▶ Task goal
Everything from the line holding "ROTTNEST ISLAND TWILIGHT SUNSET THOMSON BAY" to the last line of the material below must be retyped exactly, minus any pictures.

▶ Provided data
▽

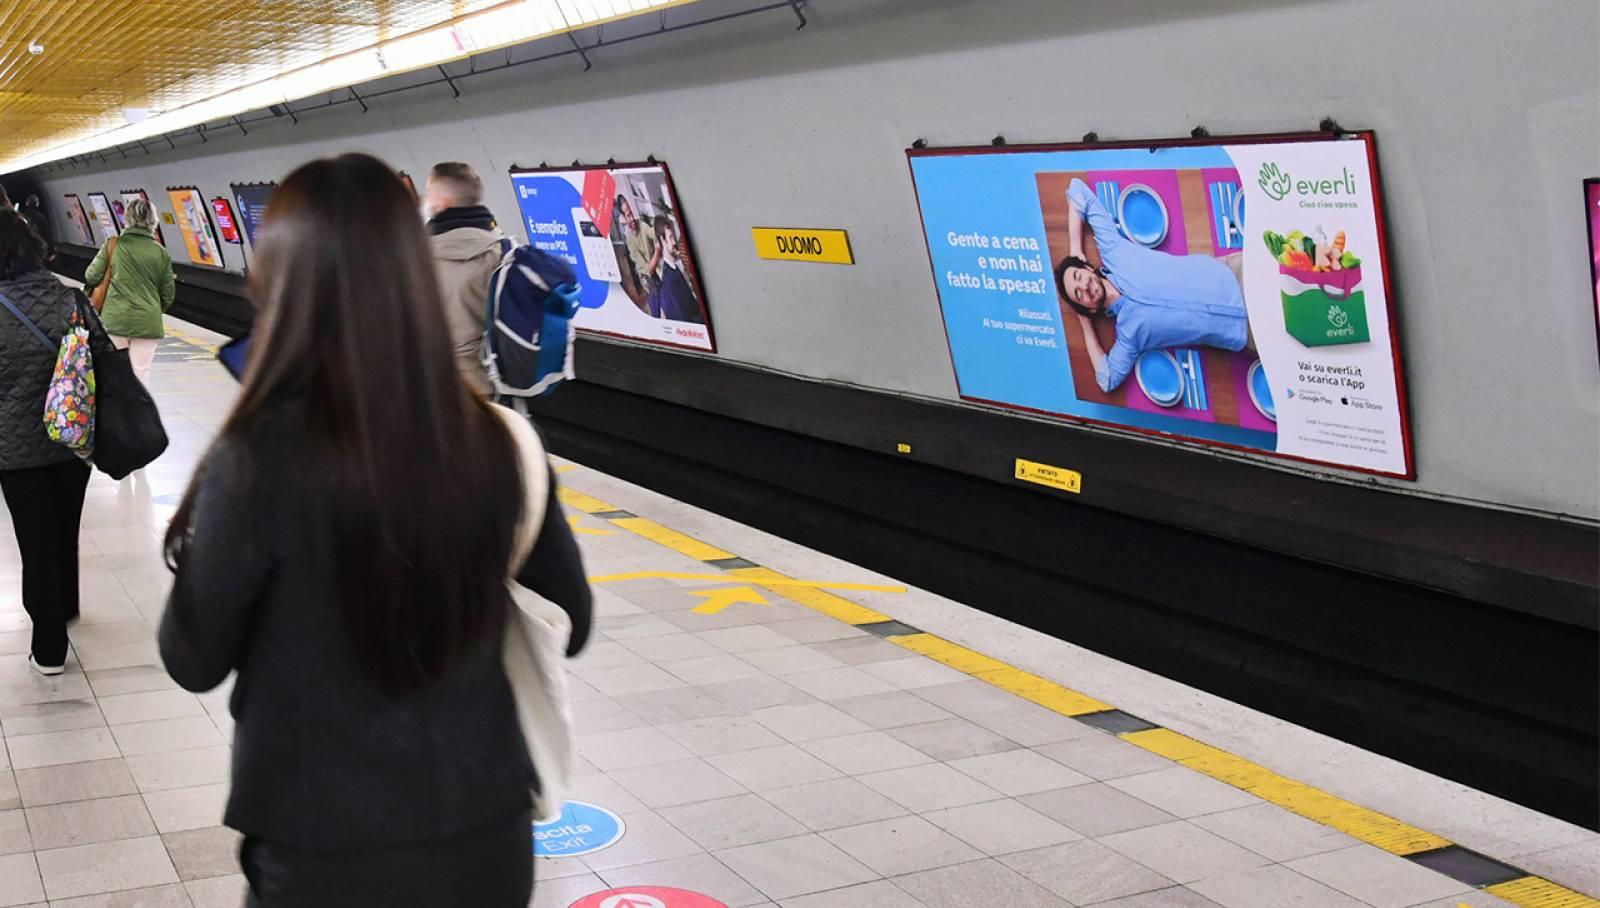 IGPDecaux OOH Milano Circuito Maxi in metropolitana per Everli
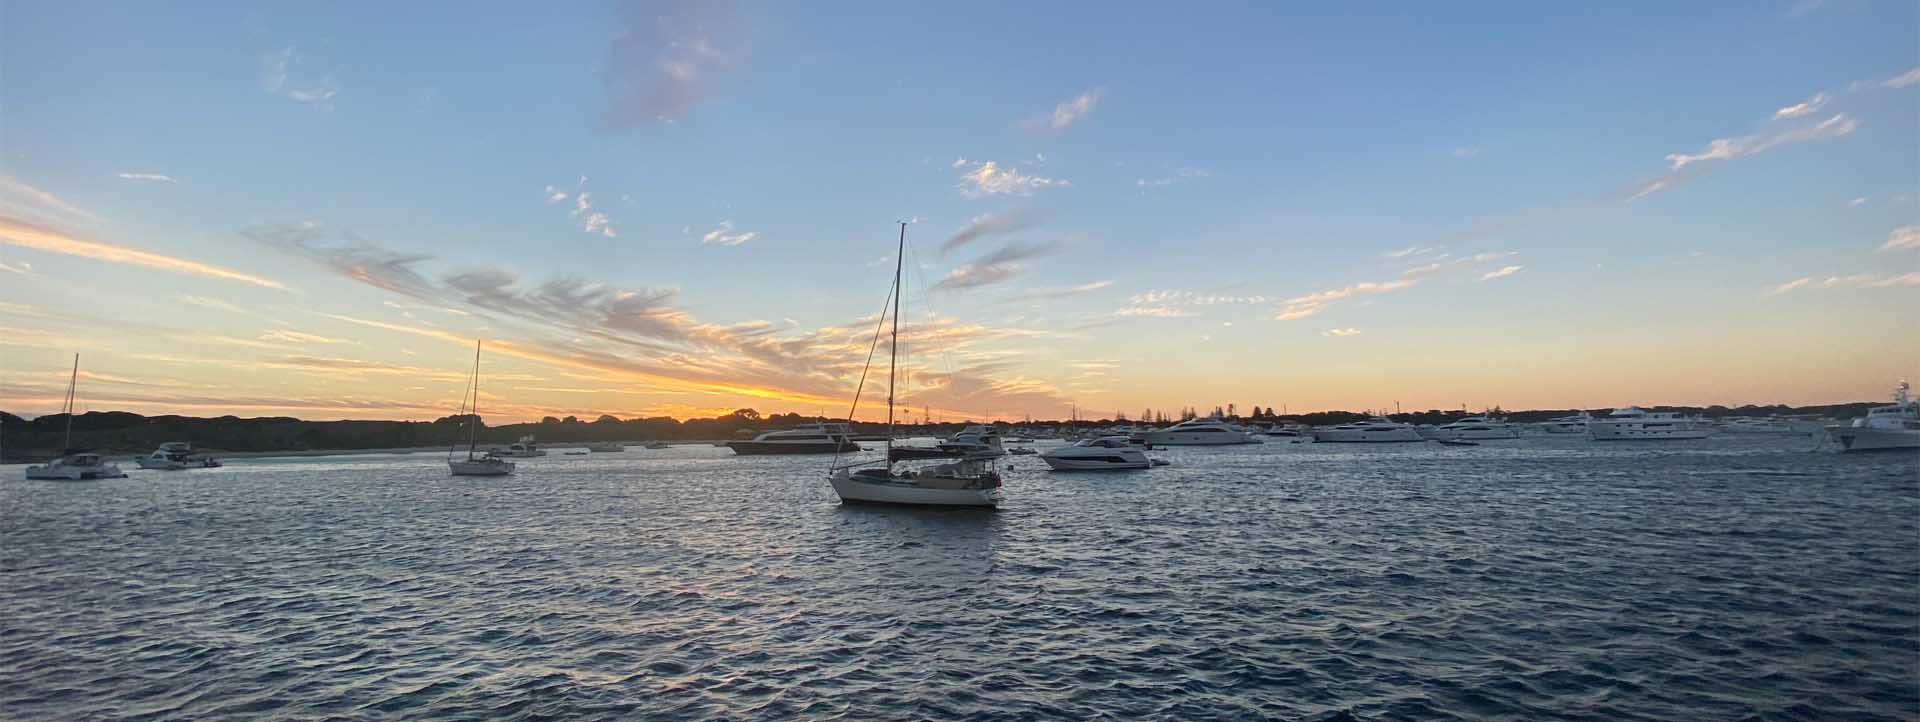 ROTTNEST ISLAND TWILIGHT SUNSET THOMSON BAY
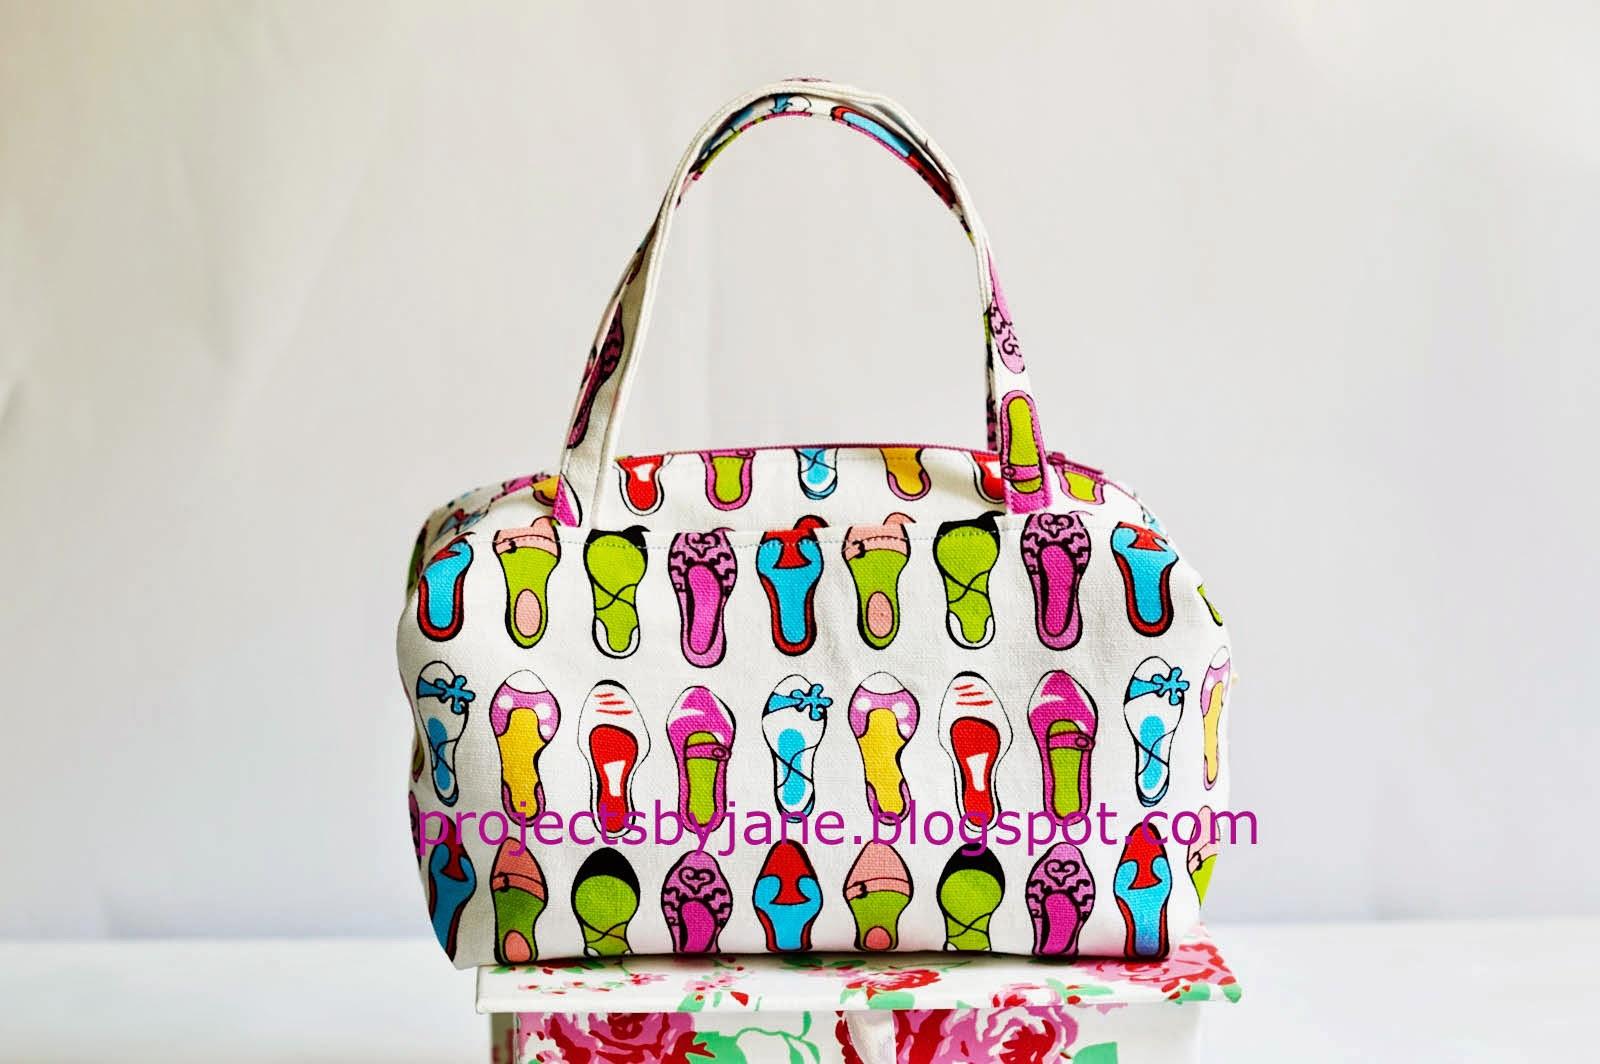 https://www.etsy.com/listing/204278646/janes-little-boxy-bag-pdf-pattern?ref=shop_home_active_5
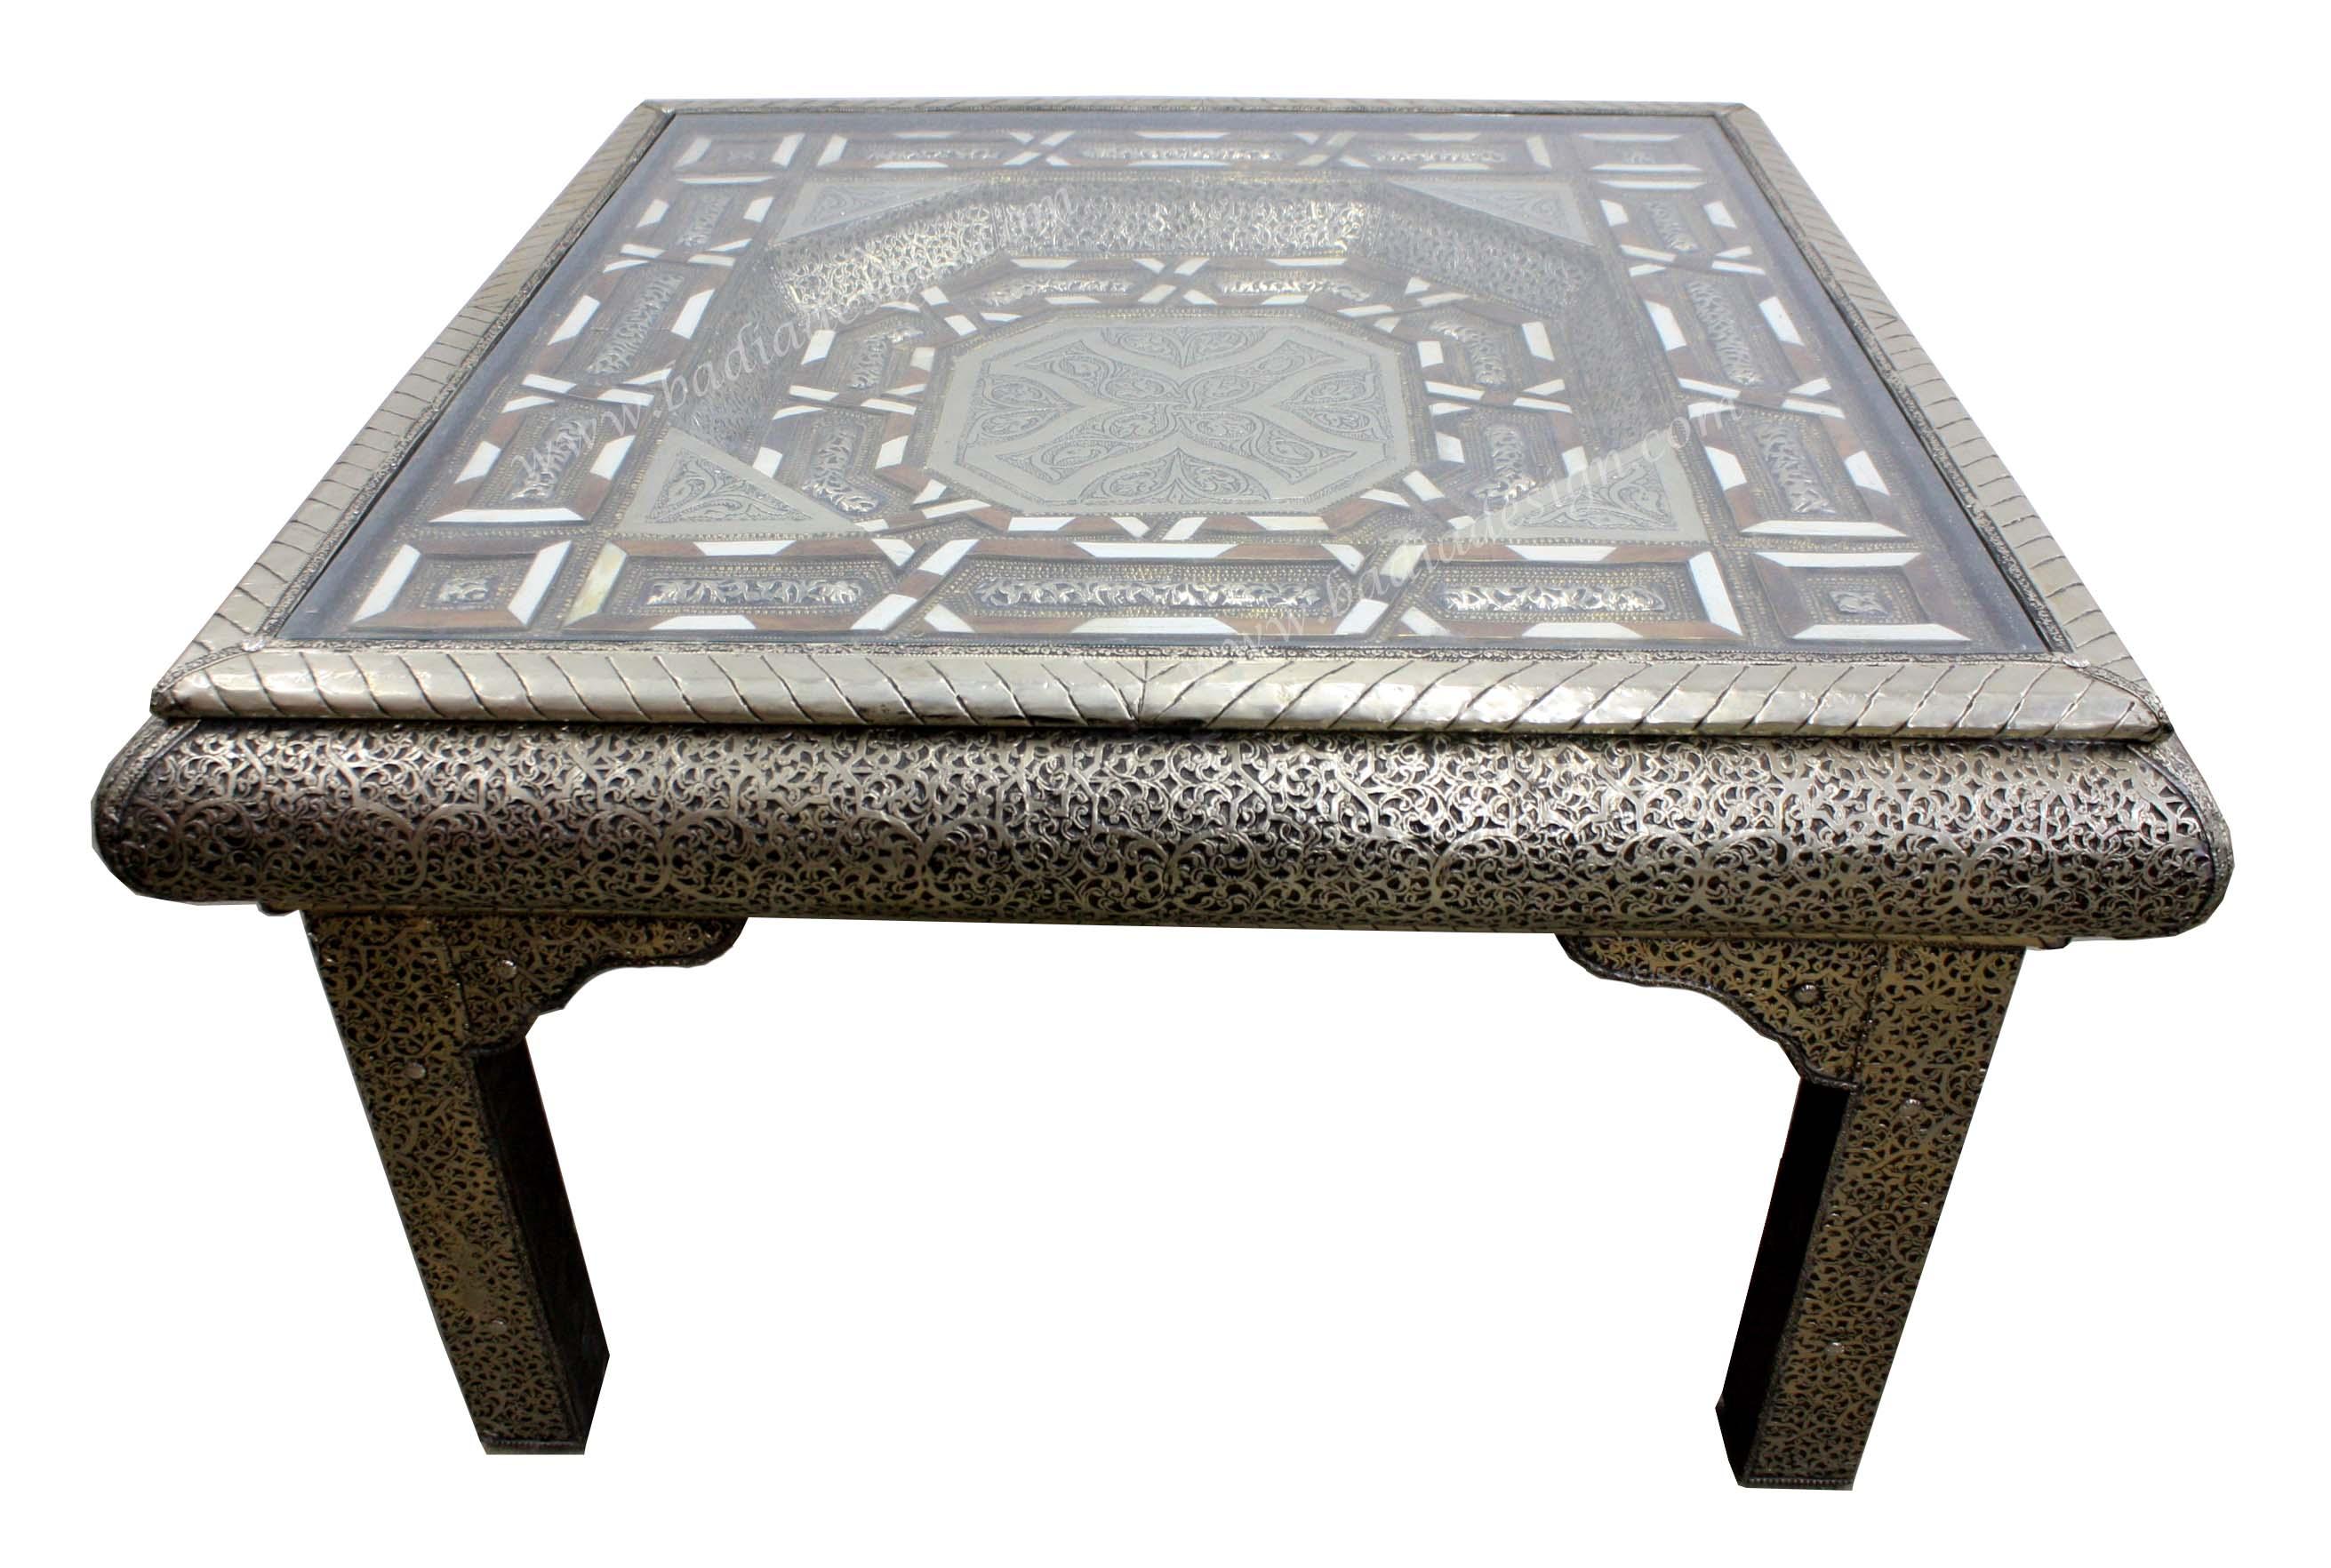 high-end-furniture-los-angeles-mb-st069-1.jpg

△

▶ Answer to the problem
 ROTTNEST ISLAND TWILIGHT SUNSET THOMSON BAY
 https://www.etsy.com/listing/204278646/janes-little-boxy-bag-pdf-pattern?ref=shop_home_active_5
 high-end-furniture-los-angeles-mb-st069-1.jpg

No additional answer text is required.